** Information supplied follows **

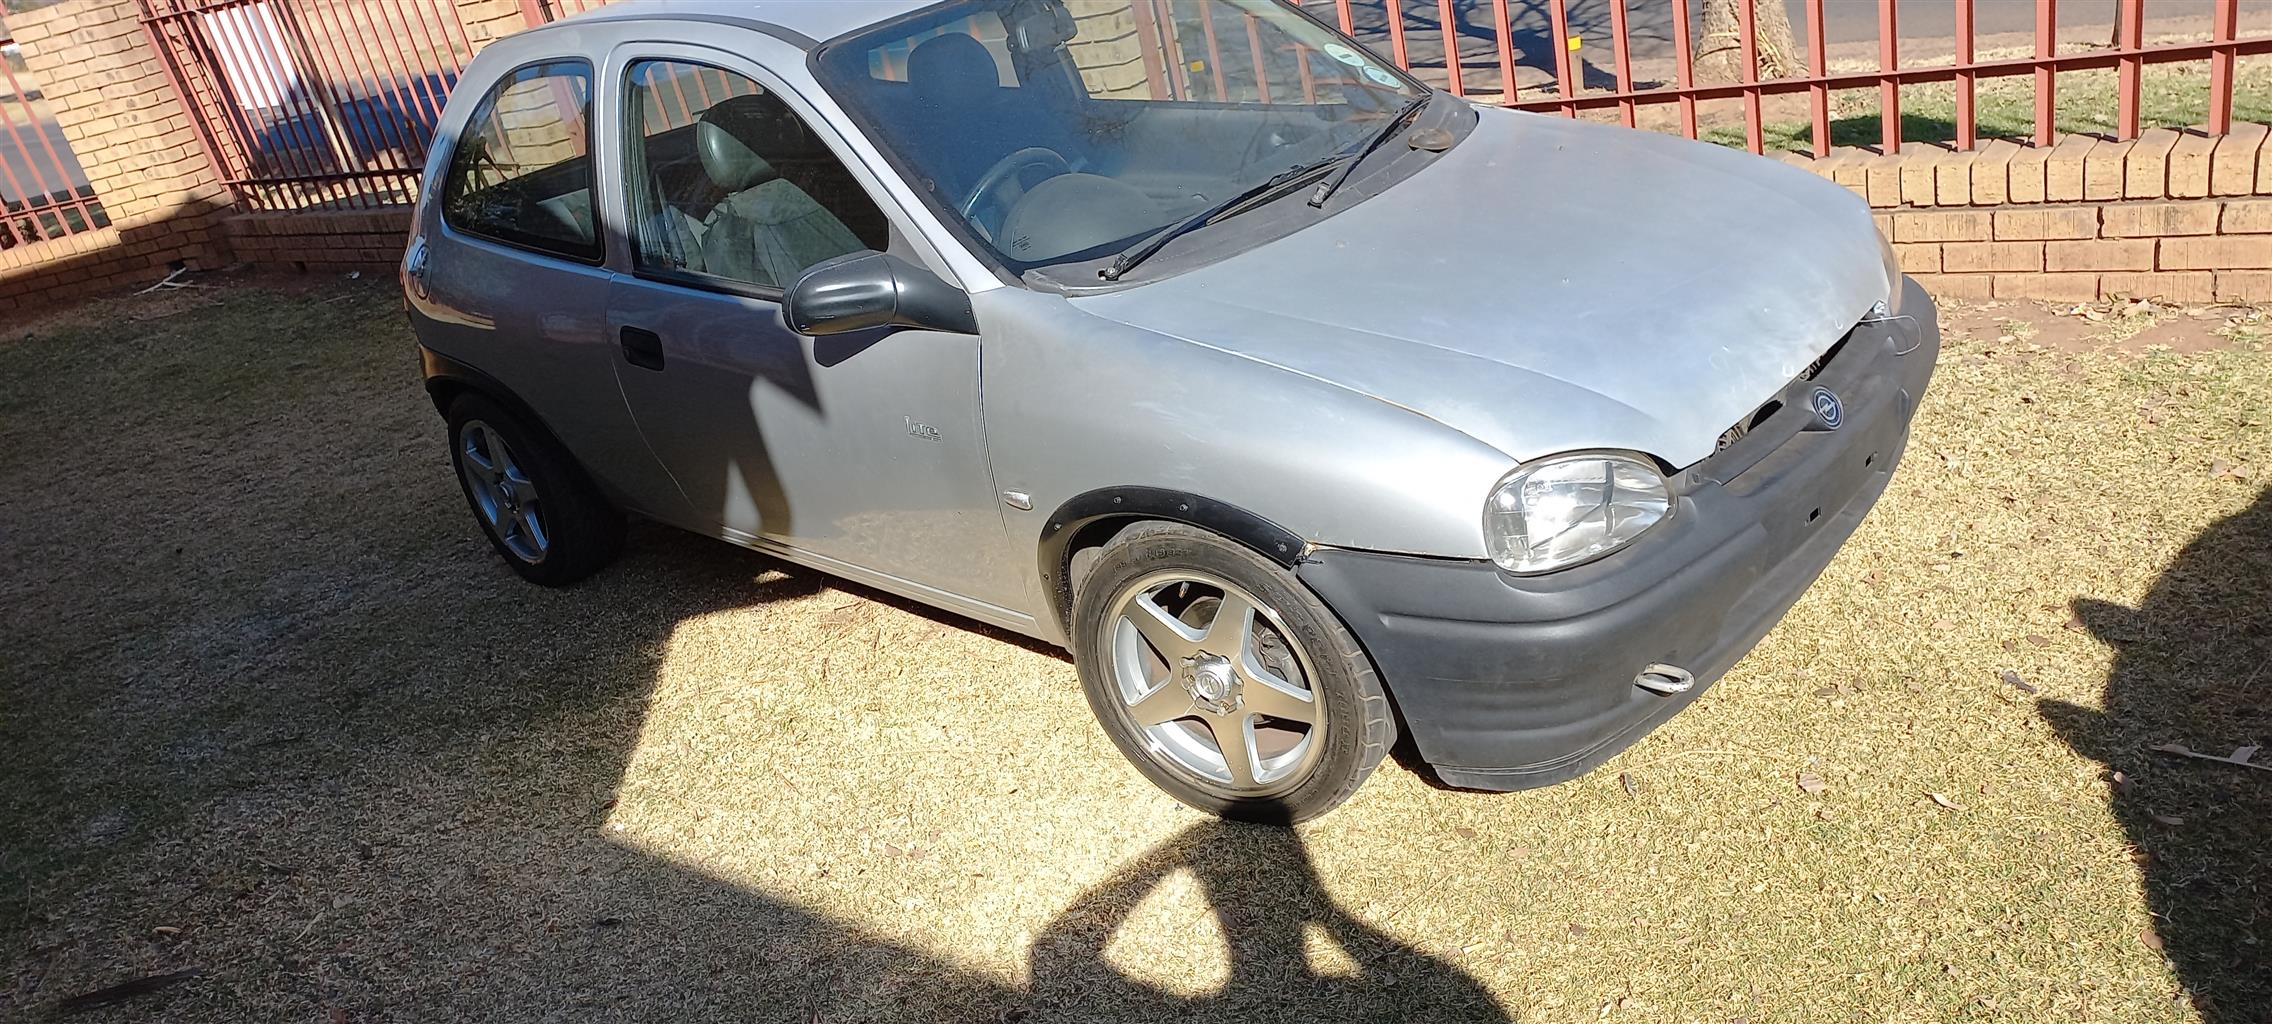 Opel corsa 1.4i 2007
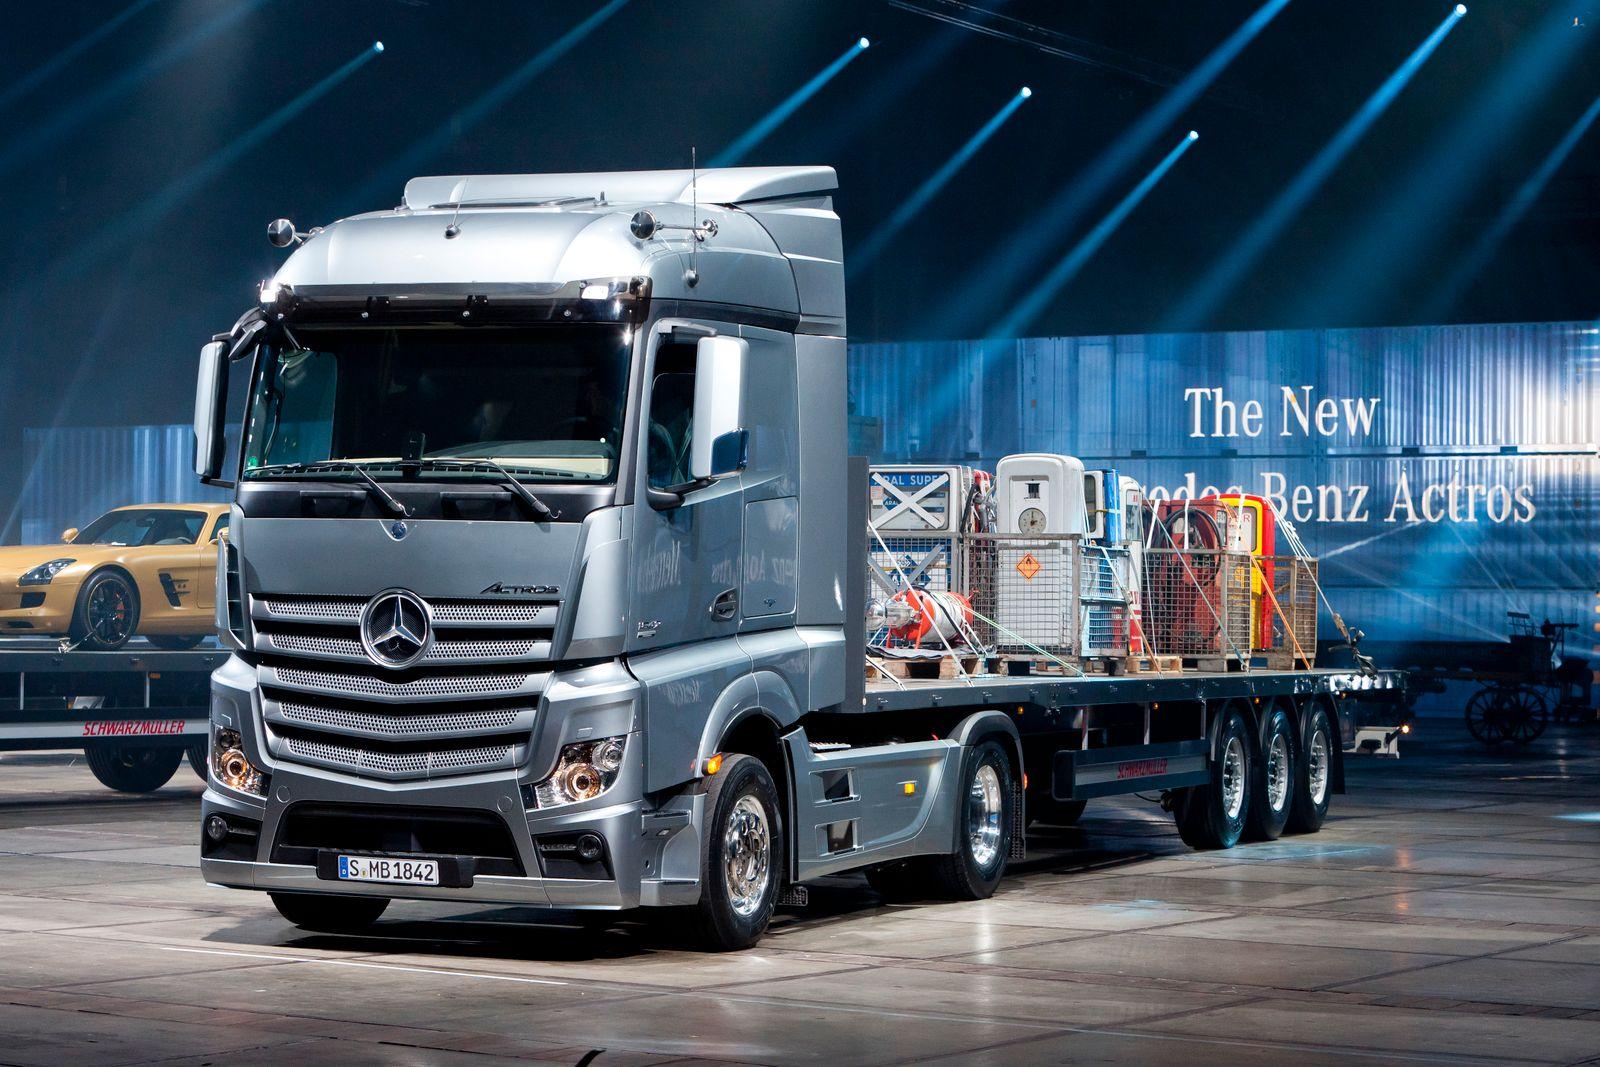 Daimler Mercedes Truck / LKW New Actros
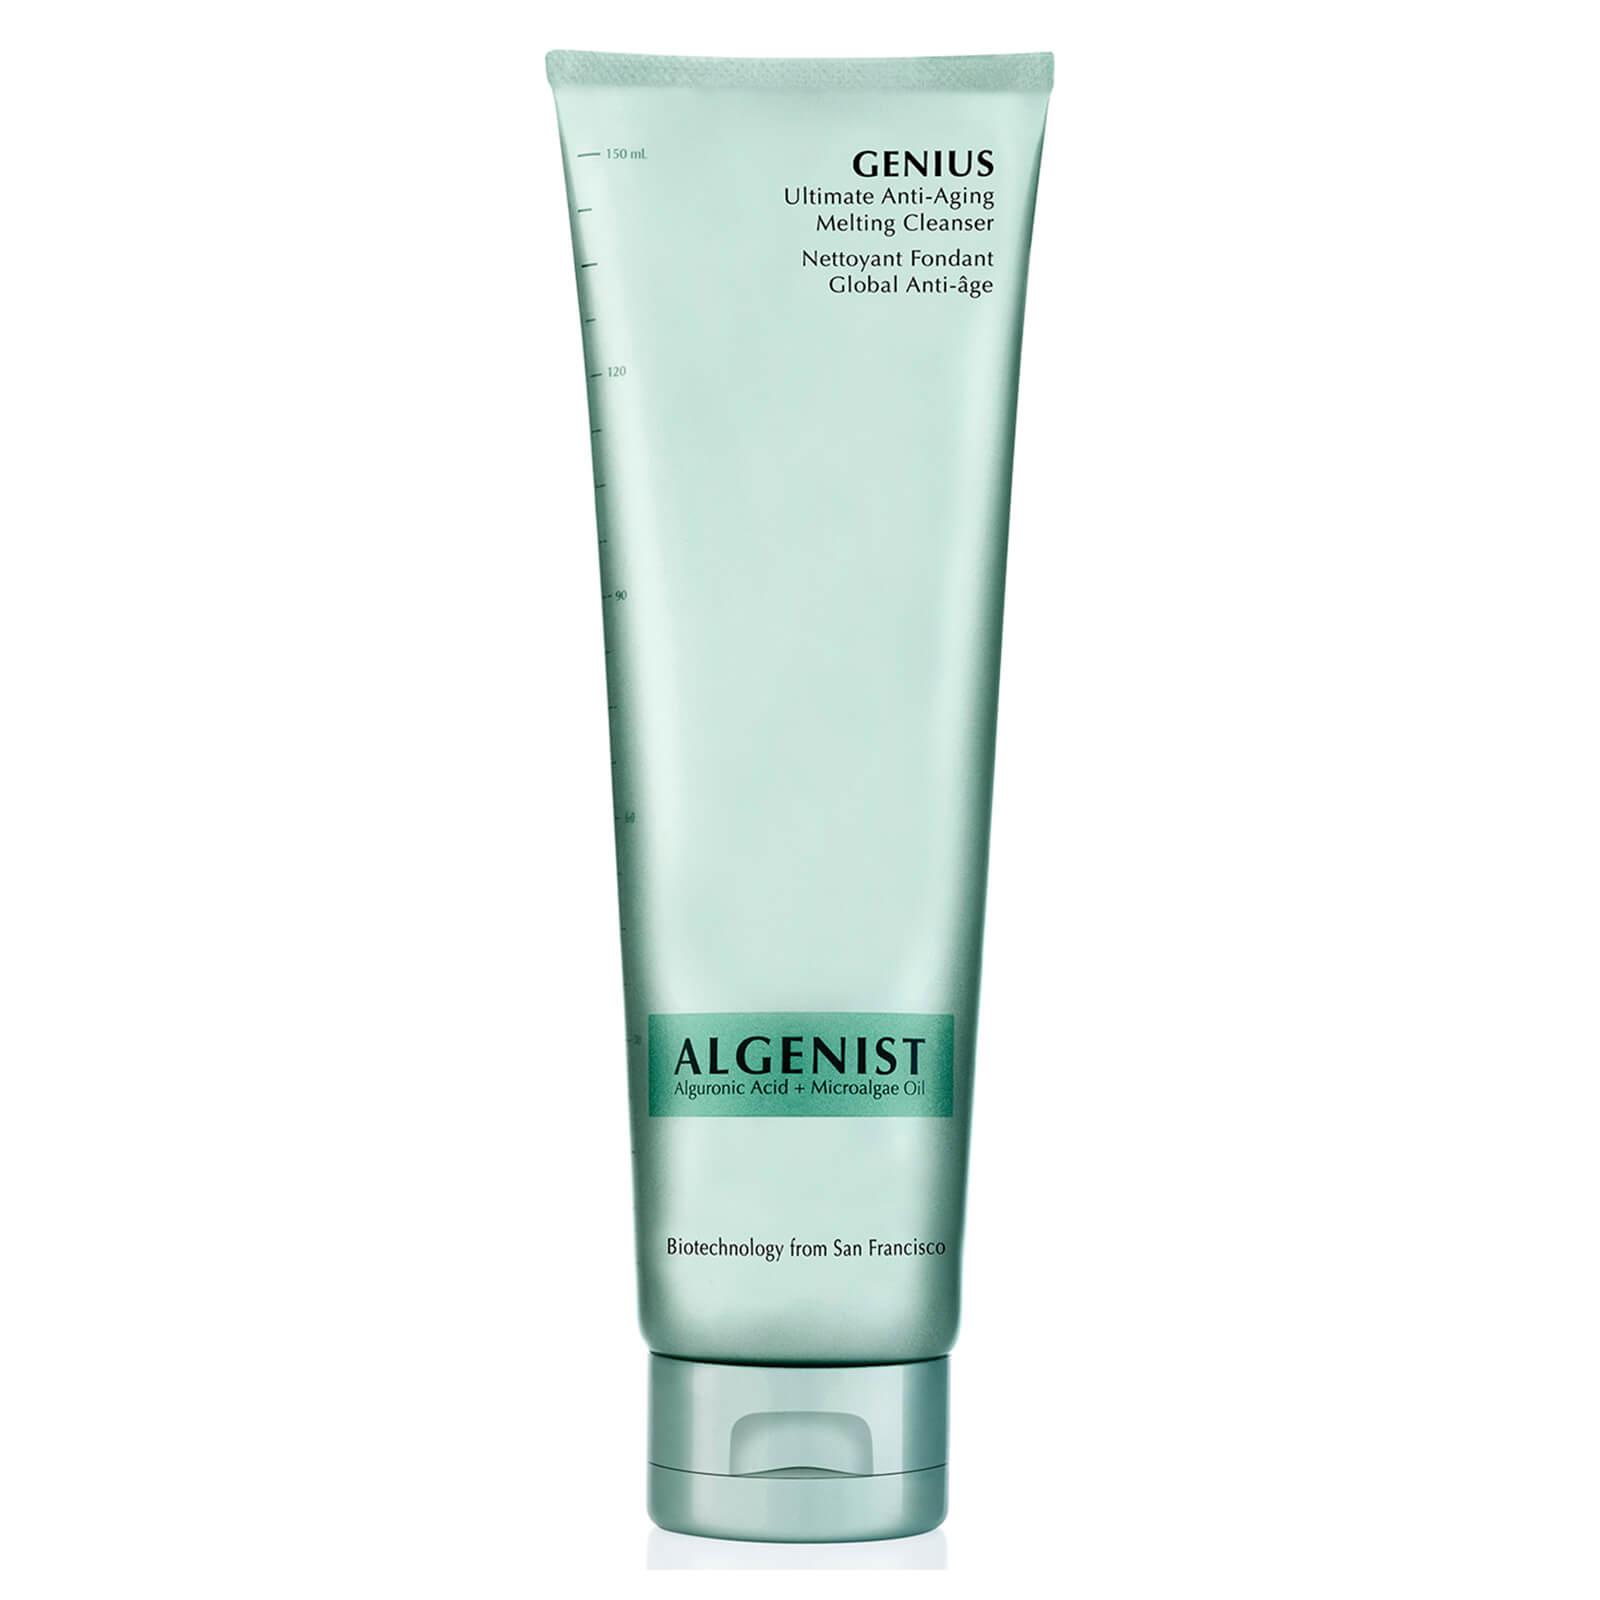 algenist genius ultimate anti-ageing melting cleanser 150ml
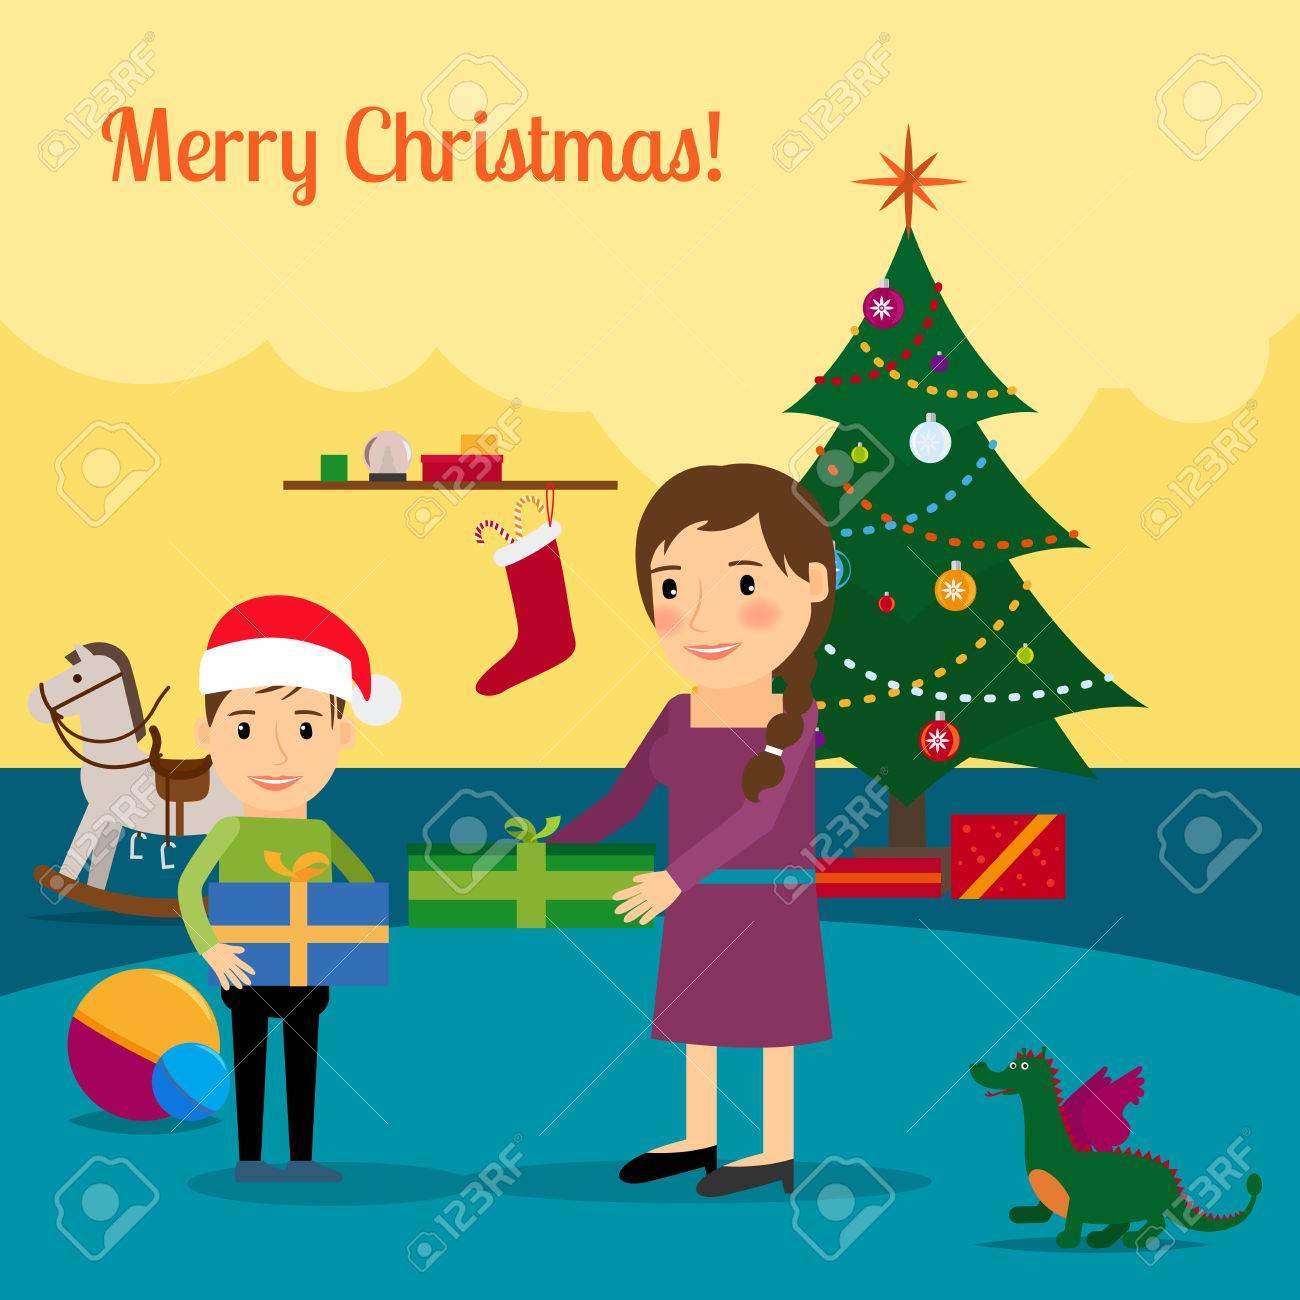 Mother Christmas Cartoon.Merry Christmas Cartoon Illustration With Christmas Tree Mother

** End of Information supplied **

> [Exercise]: Set down all of the material word for word, minus its pictures.

> [Problem solution]:
 Opel corsa 1.4i 2007
 Daimler Mercedes Truck / LKW New Actros
 algenist genius ultimate anti-ageing melting cleanser 150ml
 Mother Christmas Cartoon.Merry Christmas Cartoon Illustration With Christmas Tree Mother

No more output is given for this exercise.